Even before AI, open source was integral in China’s tech culture that famously refuses to pay for software. Code repository GitHub remains one of the few major Western sites still accessible behind the Great Firewall. As a former GitHub worker argues, this openness is the talent pipeline, and one reason China produces roughly half of the world’s AI researchers.
Open models still tend to trail proprietary ones by about six months. But this gap has stayed surprisingly narrow. And it raises an uncomfortable question for companies like OpenAI: How do you justify a US$852 billion valuation when Chinese rivals are giving away technology that is nearly as good?
It’s causing consternation in Washington. An advisory for US lawmakers last month warned that China “has opted to go all in on an open-source approach to AI”, threatening America’s lead. The report described a powerful flywheel as global uptake of Chinese AI creates a feedback loop that drives iteration and further adoption.
That makes a full-scale abandonment unlikely. Chinese labs may move toward a hybrid model, mixing open and proprietary releases, but they are unlikely to walk away from the strategy altogether.
REAL CONCERNS
There are legitimate concerns, especially after the hype and cybersecurity anxieties surrounding Anthropic’s new Mythos model, that open source could prove too dangerous. These fears shouldn’t be ignored; but some are reflexive.
Bad actors hoping to weaponise enormous models would still need immense computing resources. And openness brings its own safeguards the same way sunlight is the best disinfectant. More eyes can inspect flaws and vulnerabilities. The alternative is the familiar Big Tech line of “trust us, we know best”. At this stage, that is not especially reassuring.

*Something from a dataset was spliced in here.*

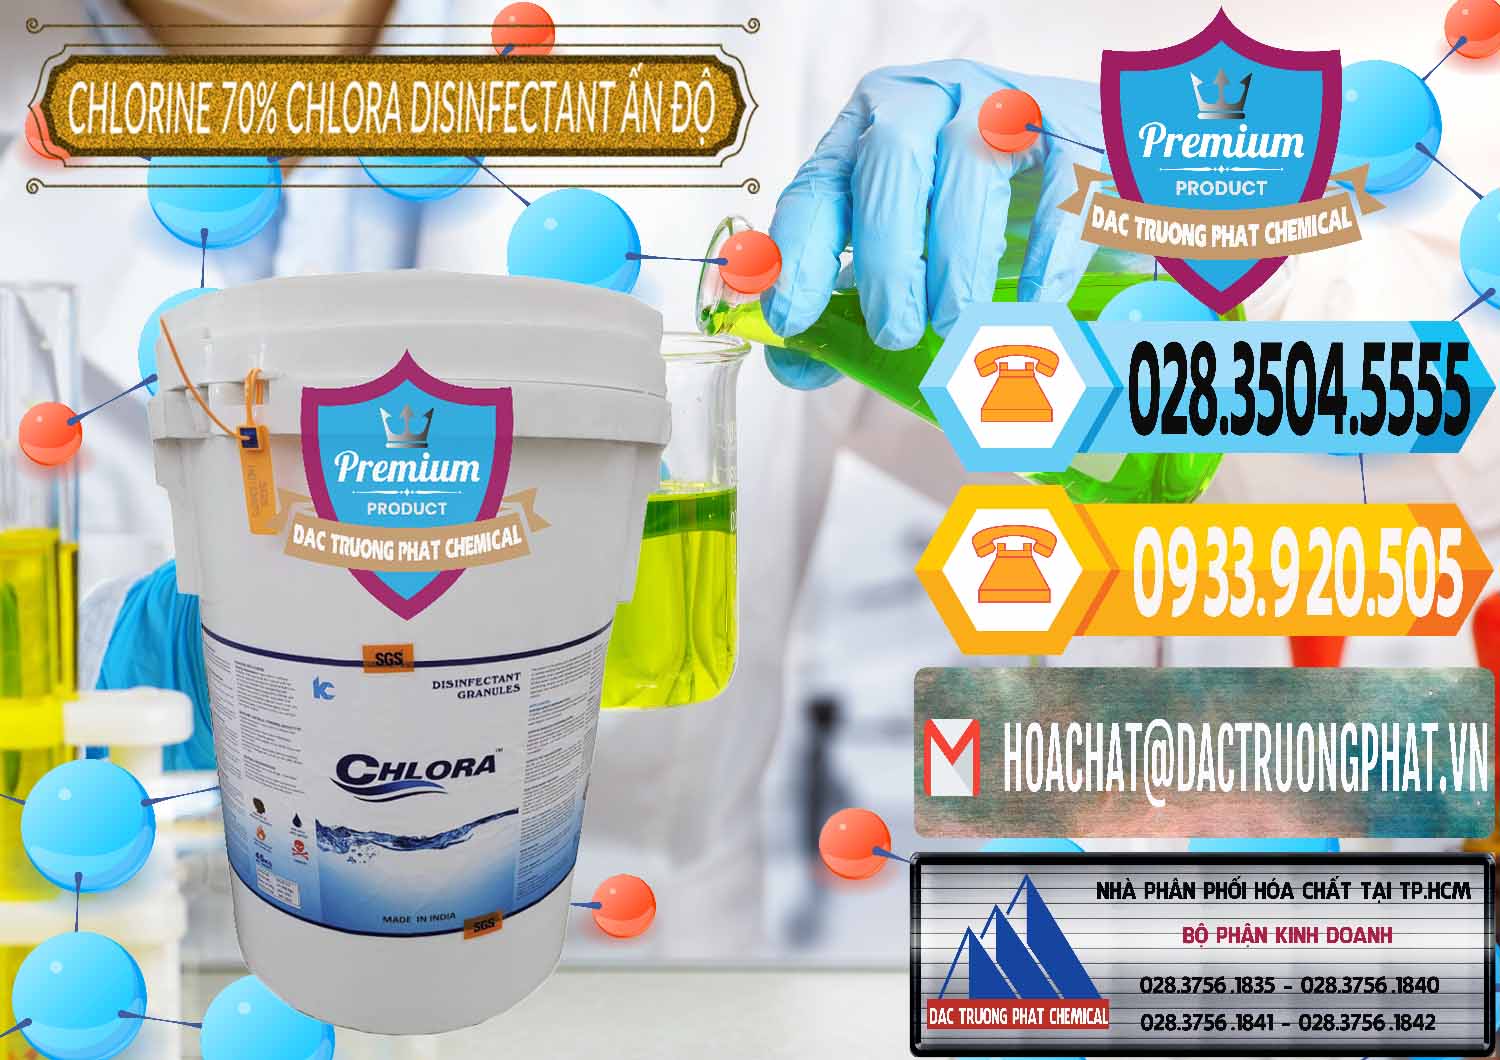 Đơn vị chuyên bán và phân phối Chlorine – Clorin 70% Chlora Disinfectant Ấn Độ India - 0213 - Công ty chuyên phân phối ( bán ) hóa chất tại TP.HCM - hoachattayrua.net

Still, China’s brutal domestic competition is forcing companies to find ways to make money. Start-ups Zhipu and MiniMax have gone public, increasing pressure to satisfy shareholders. Alibaba, after reshuffling its AI research team, is also searching for ways to offset costs. Closing off its most advanced models and charging for them is one way to escape the race-to-the-bottom pricing that has defined the sector.
And it’s important to note that China’s AI industry has never been monolithic. ByteDance, for example, has always kept its models closed.
As much as Alibaba’s retreat looks like a turning point for the entire ecosystem, the shift is unlikely to happen all at once. China’s open source systems are still likely to dominate for years, even as the business models evolve. The next real test is DeepSeek. Its highly anticipated next release will reveal whether the national champion intends to preserve the tradition it helped supercharge or accelerate its decline.